In July 2012, more than 600 different users posted a comment;
since March 2012, about 1600 different users;
since October 2011 — 2300;
since May 2011 — 2900;
since December 2010 — 3400;
since May 2010 — 3900;
since August 2009 — 4400.
Since the beginning, including the comments imported from Overcoming Bias, with some duplicates (people sometimes re-registered with different usernames when moving to LW, and the same username on Overcoming Bias was imported as multiple different usernames on LW if it corresponded to different emails), comments were posted under about 7500 different usernames.
Of the 4400 users who commented since August 2009, 1390 have written at least 10 comments;
900 users — at least 25 comments;
630 users — at least 50 comments;
429 users — at least 100 comments;
225 users — at least 250 comments;
134 users — at least 500 comments;
57 users — at least 1000 comments;
13 users — at least 2500 comments.
Wedrifid has written more than 10000 comments.
(Based on a wget'ed dump of all LW comments.)
One flaw: You're not locating anywhere near all of the people that registered using this method because I bet a lot of people have never commented.
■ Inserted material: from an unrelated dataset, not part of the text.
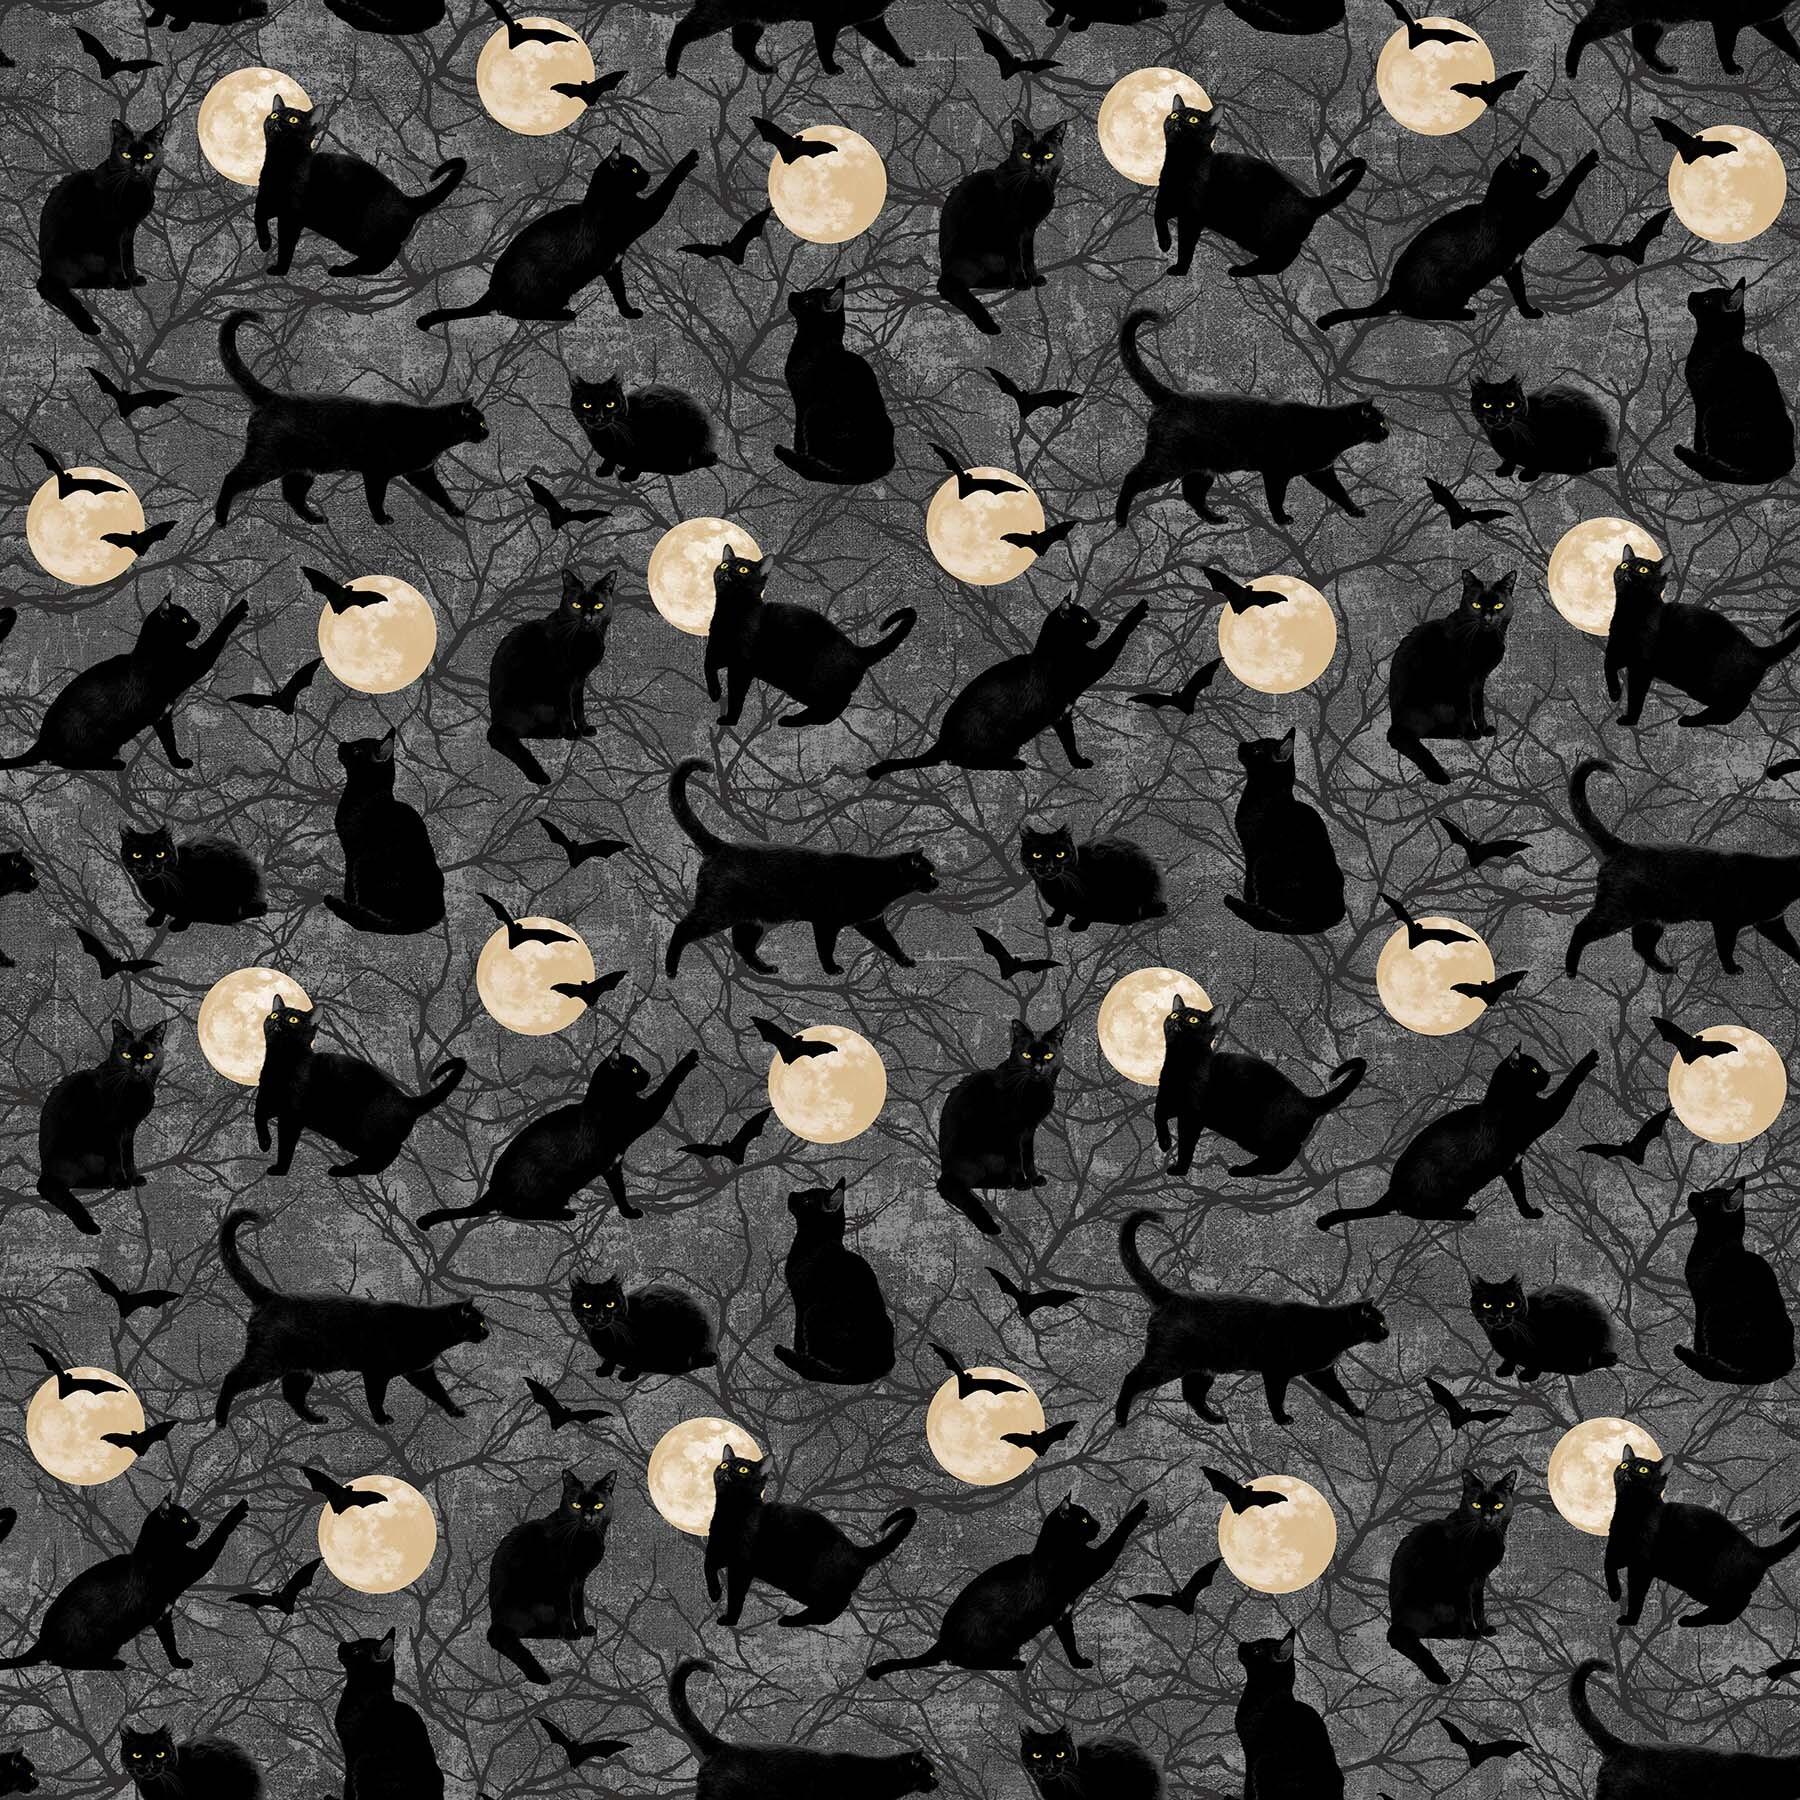 Black Cat Capers - Black Cats and Cream Moons - 1/2m cut 57888

In one website's database that I've got access to, almost 70% of the users register without ever doing the expected main activity. Unless you spider your copy of all the comments to cache home pages, follow the links off of friends lists and include other links to home pages around the internet (like Google does, which is why I chose Google instead of wget), you're probably missing a huge proportion of the profiles. You may argue that counting active users is more relevant than counting total members, but these guys might be voting on our posts and comments, and if they outnumber us, they've got more influence over the content than we do.
In the English Wikipedia the number of registered account dwarfs the number of accounts actually in use by a couple of orders of magnitude.
On the other hand, if you're interested in the number of habitual readers or habitual posters, then the number of members is going to be much higher.
I think my main interest in knowing how many users there are went something like this:
OMG A COMMUNITY OF RATIONALISTS!!!! And it is not small??? What the? Well how many are there?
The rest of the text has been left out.